两日后,正在襄阳加紧防备的曹仁,忽闻细作来报,孙策率领着麾下数万霸王军浩浩荡荡地往襄阳城杀来,沿途更是大开杀戒,屠杀了两座小城的将士,百姓们都闻风丧胆,四处逃命,眼下已经将近杀至安陆城!!
曹仁一听,顿时神色大变,一副不可置信的模样。毕竟,孙老夫人服毒自杀的消息,除了他以及副军师荀攸还有麾下几位心腹知道,再无他人得知。为了保守秘密,曹仁已经将当日来报的小厮以及那些服侍在孙老太身旁的婢女全都杀了,并且为了免于引起他人怀疑。
2533江东有鸟,一鸣惊人(22)()
曹仁还特意找了一位身形和年纪与孙老夫人接近的老妇人假装成孙老夫人。这一切应该是没有任何纰漏,可为何孙策却忽然率大军杀来。而且就算是有风声走漏,从时间来看,两日前还在江夏的孙策也不可能如此快就杀到了安陆。
“除非那孙伯符在两日前刚到江夏时便已得知其老母身损的消息!!”曹仁猝是神色一变,双眸圆瞪,忽然像是想到了什么,紧接又在心中腹诽道:“从孙伯符先前的态度来看,他应该更偏重要保护其老母,为此甚至已经率兵赶往了江夏。可当他去到江夏之后,忽然却一改先前的态度,在江夏时肯定是发生了什么!!”
曹仁脑念电转,双眸更隐隐地发红起来,纵是稳重如山的他,此时也不禁地慌乱起来,只处于大厦将倾之危。

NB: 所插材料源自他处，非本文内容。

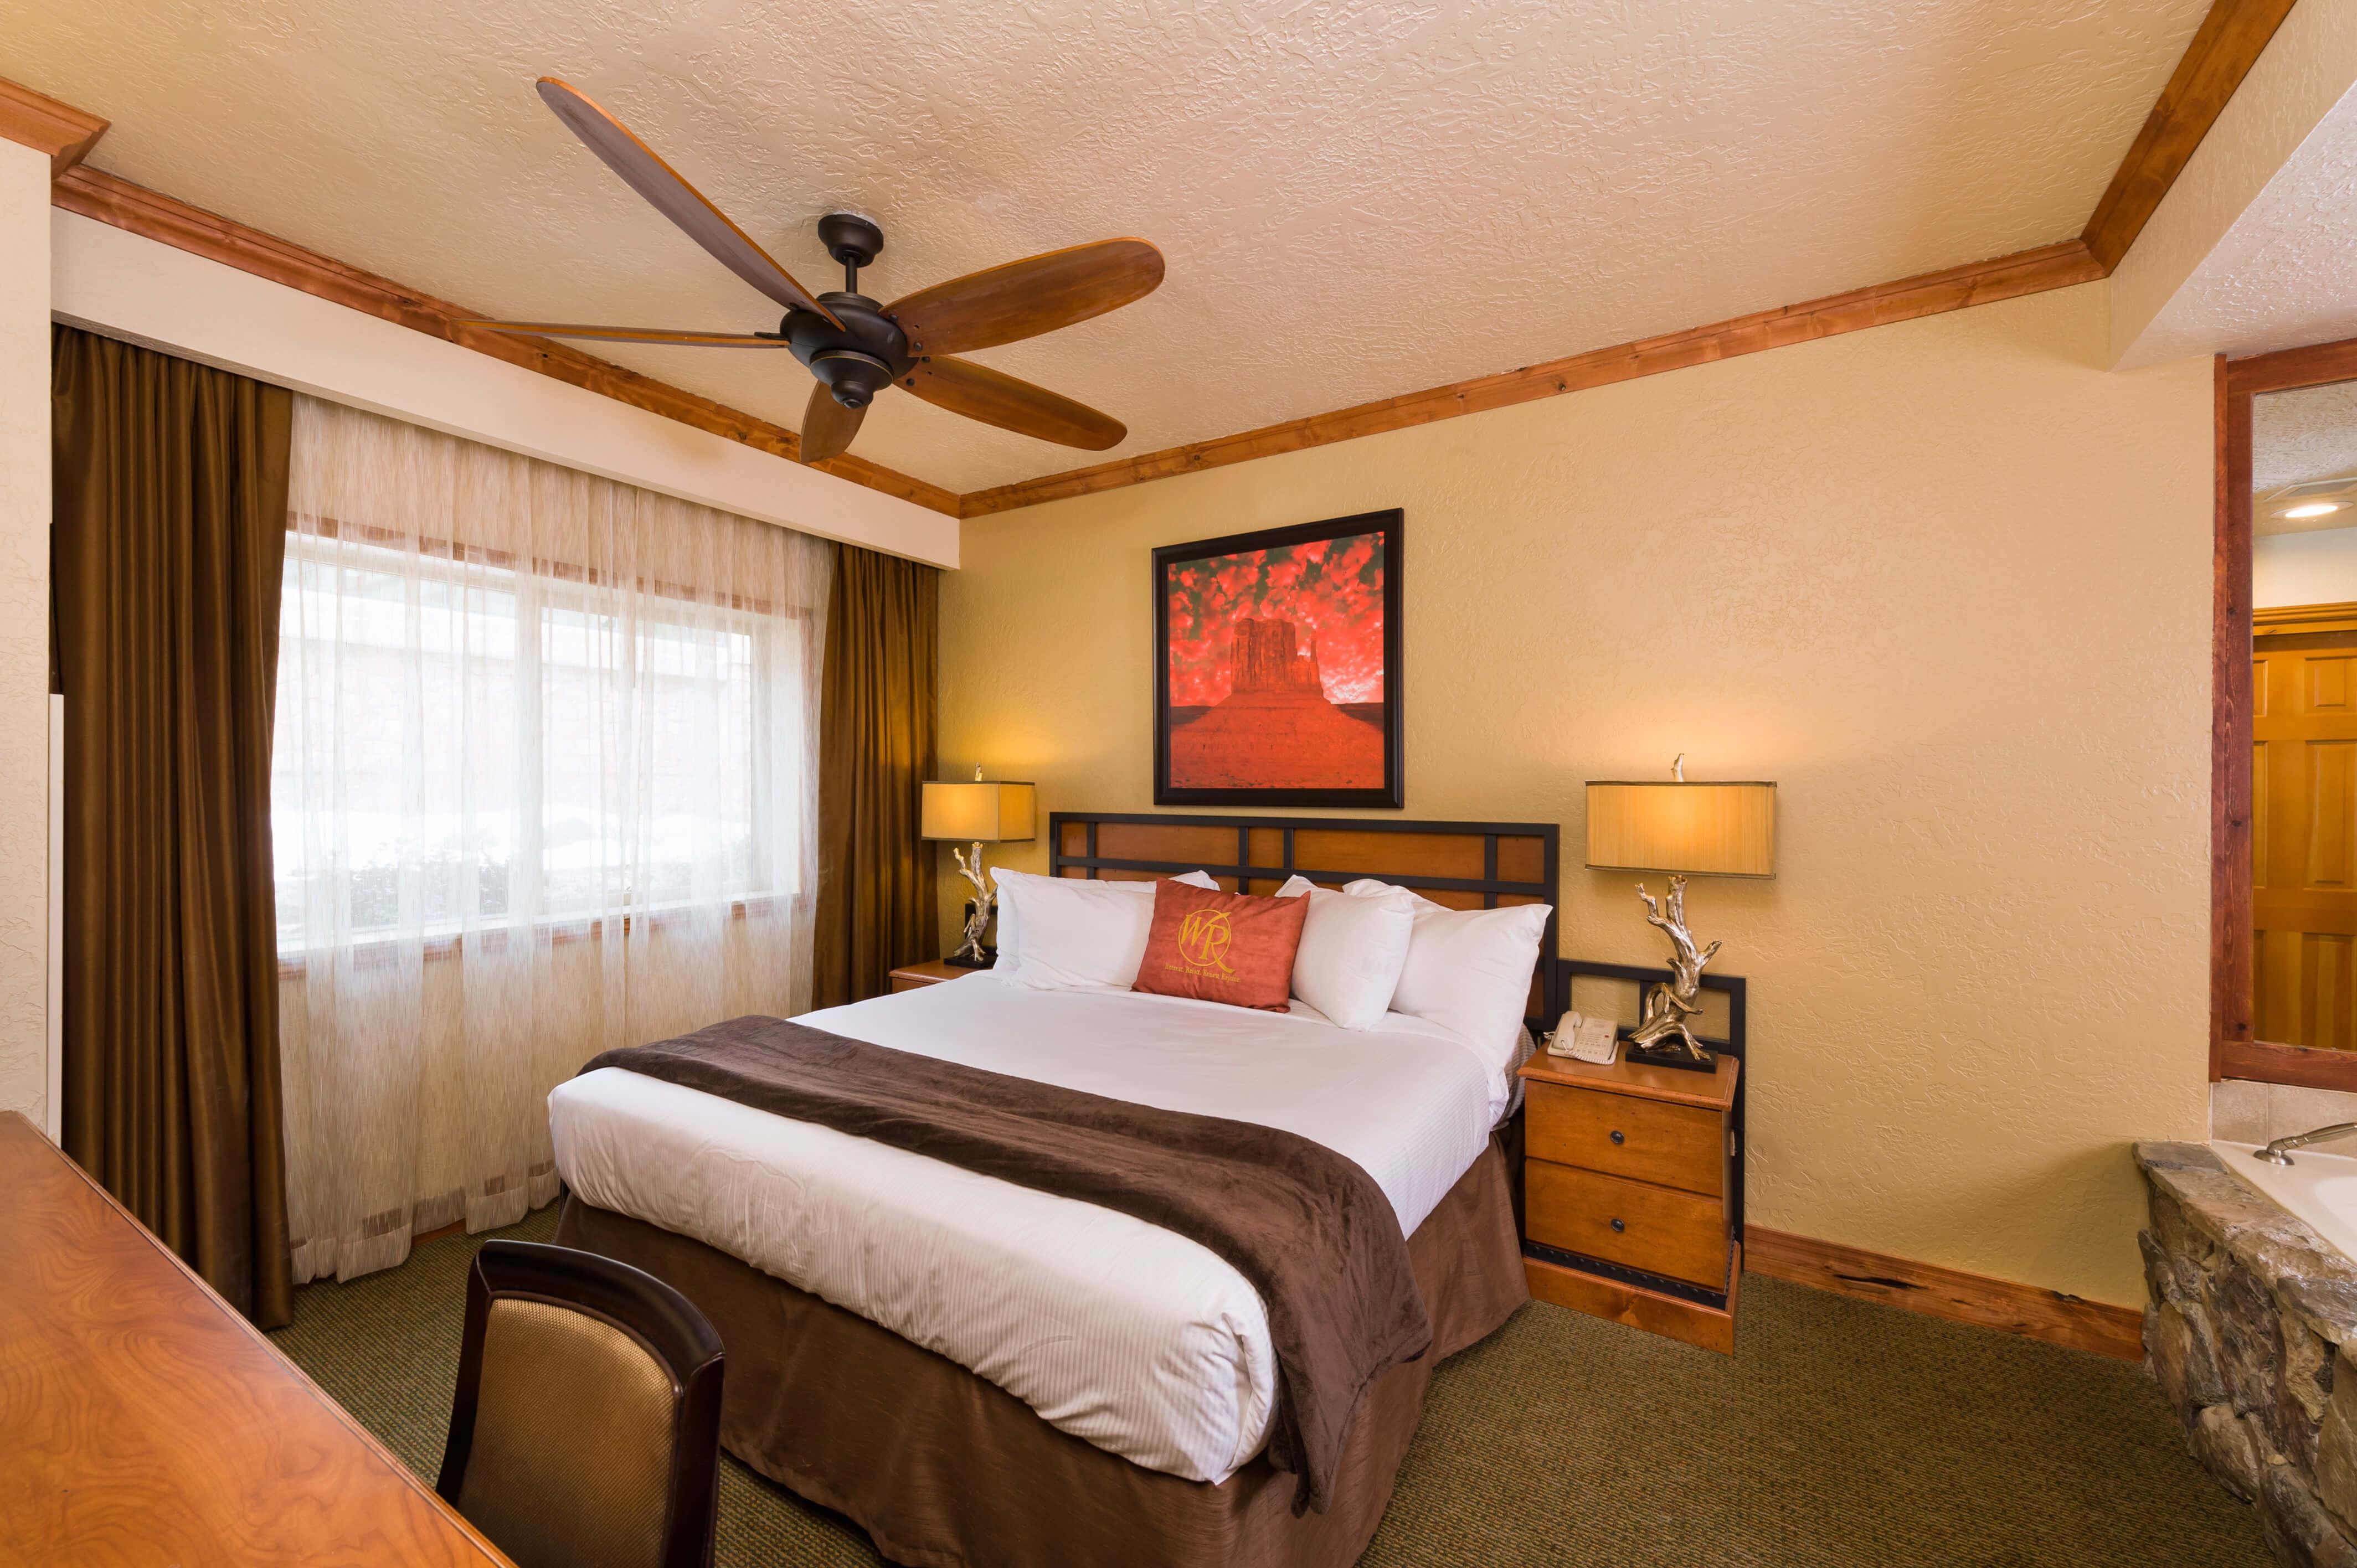 Signature One-Bedroom Villa Bedroom at our Park City Skiing Resort in Utah   Westgate Park City Resort & Spa   Westgate Ski Resorts
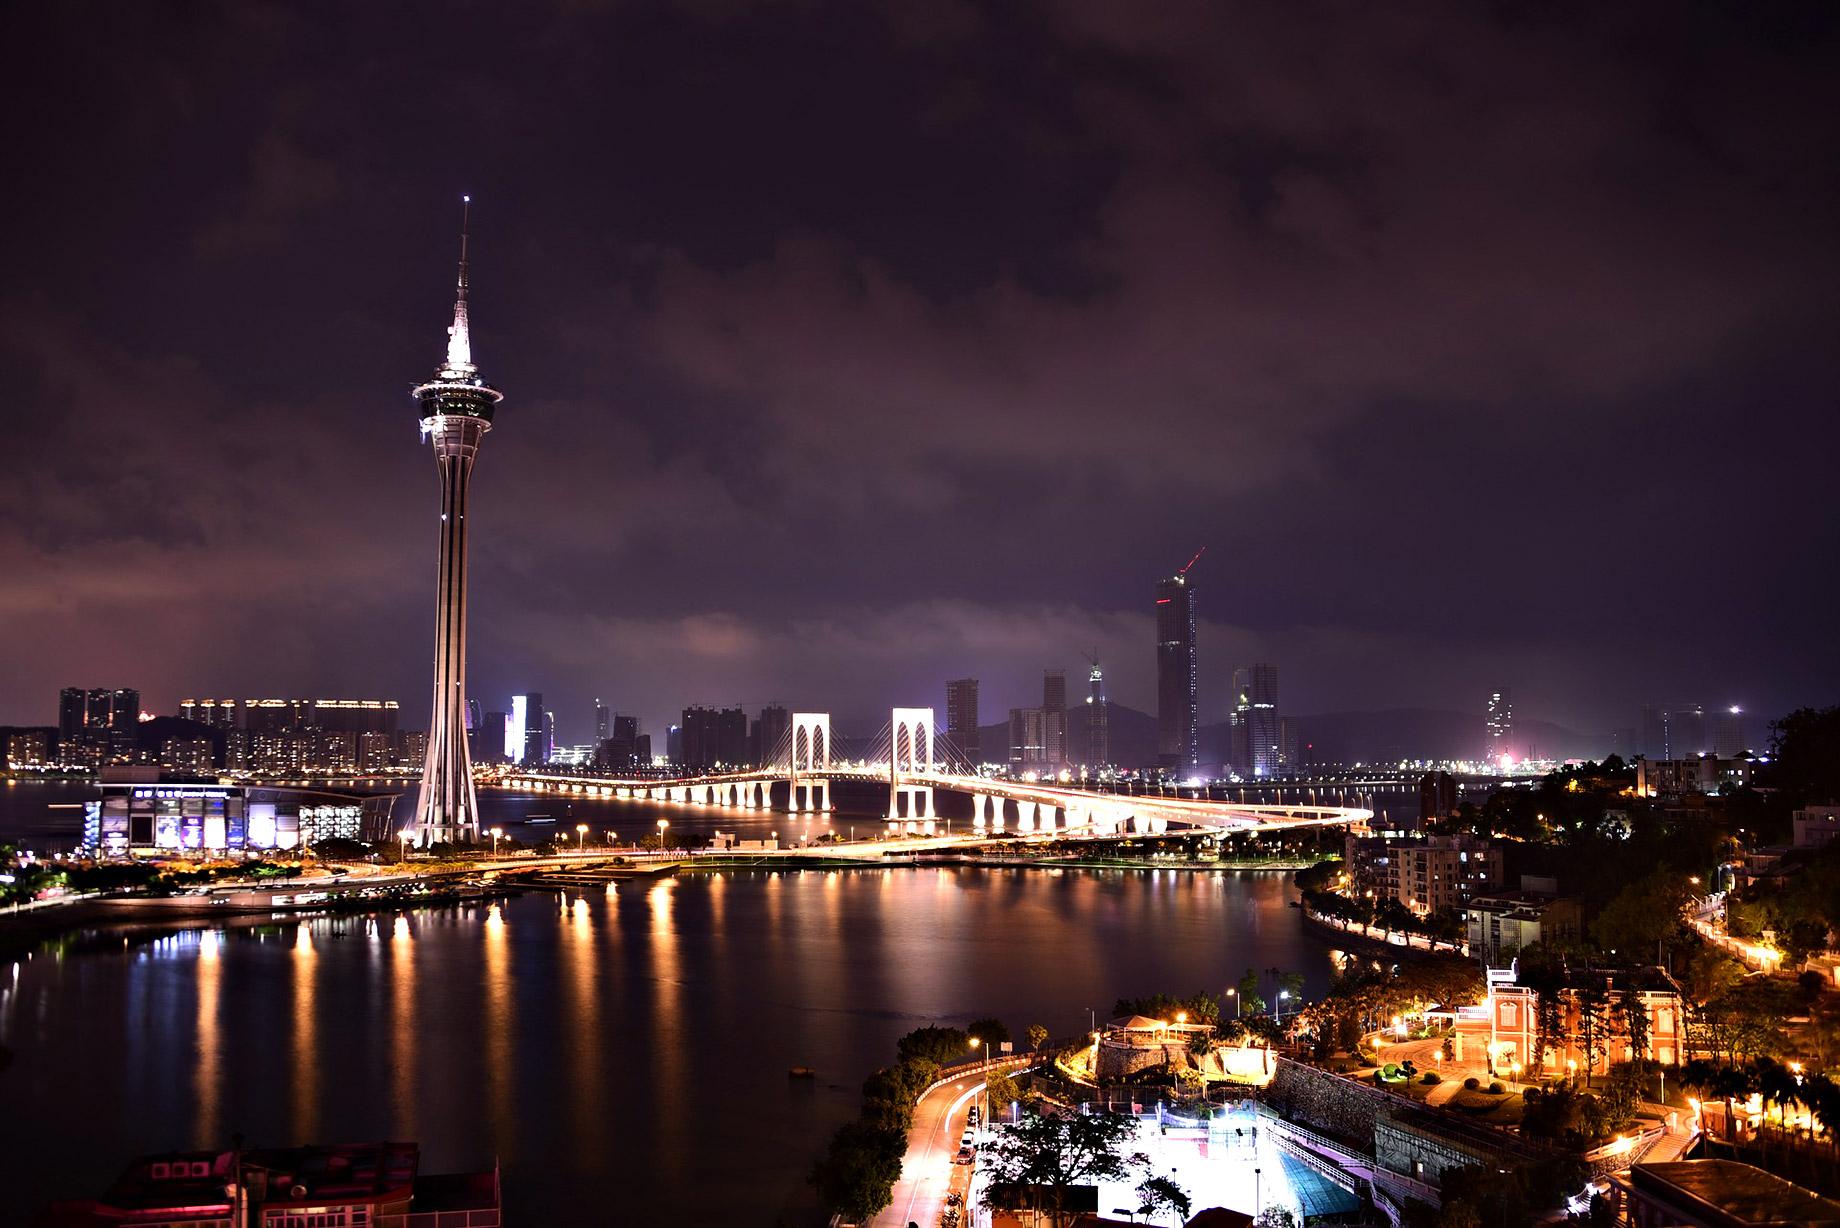 Macau, China at Night

就在此时,正听外头有人来报,说荀攸求见。曹仁忙是沉凝神色,将荀攸召入。
少时,荀攸走了进来,虽然曹仁此时已经恢复了平日里稳如泰山的神态,但荀攸还是隐隐从曹仁的眼神察觉到了端倪,不由皱起了眉头。
“大将军,莫非江夏生变耶?”荀攸微微凝色,向曹仁问道。曹仁一听,知道瞒不了荀攸,而且当下他也没有什么的主意,正想向荀攸问计,遂强震神色,凝声道:“正如副军师所料,刚不久本将军得到从安陆传来的消息,那孙伯符率领大军忽然从江夏折回,沿路大开杀戒,眼下已将近杀至安陆城了。”
荀攸闻言,也不禁地神色一变,露出震惊之色,然后很快又沉凝起神色,来回踱步走了一阵后,忽然停了下来,道:“这从时间来看,应该是不可能。除非那孙伯符早就在两日前已经得知其老母要身损的消息。故一改先前姿态,前来复仇雪恨!!”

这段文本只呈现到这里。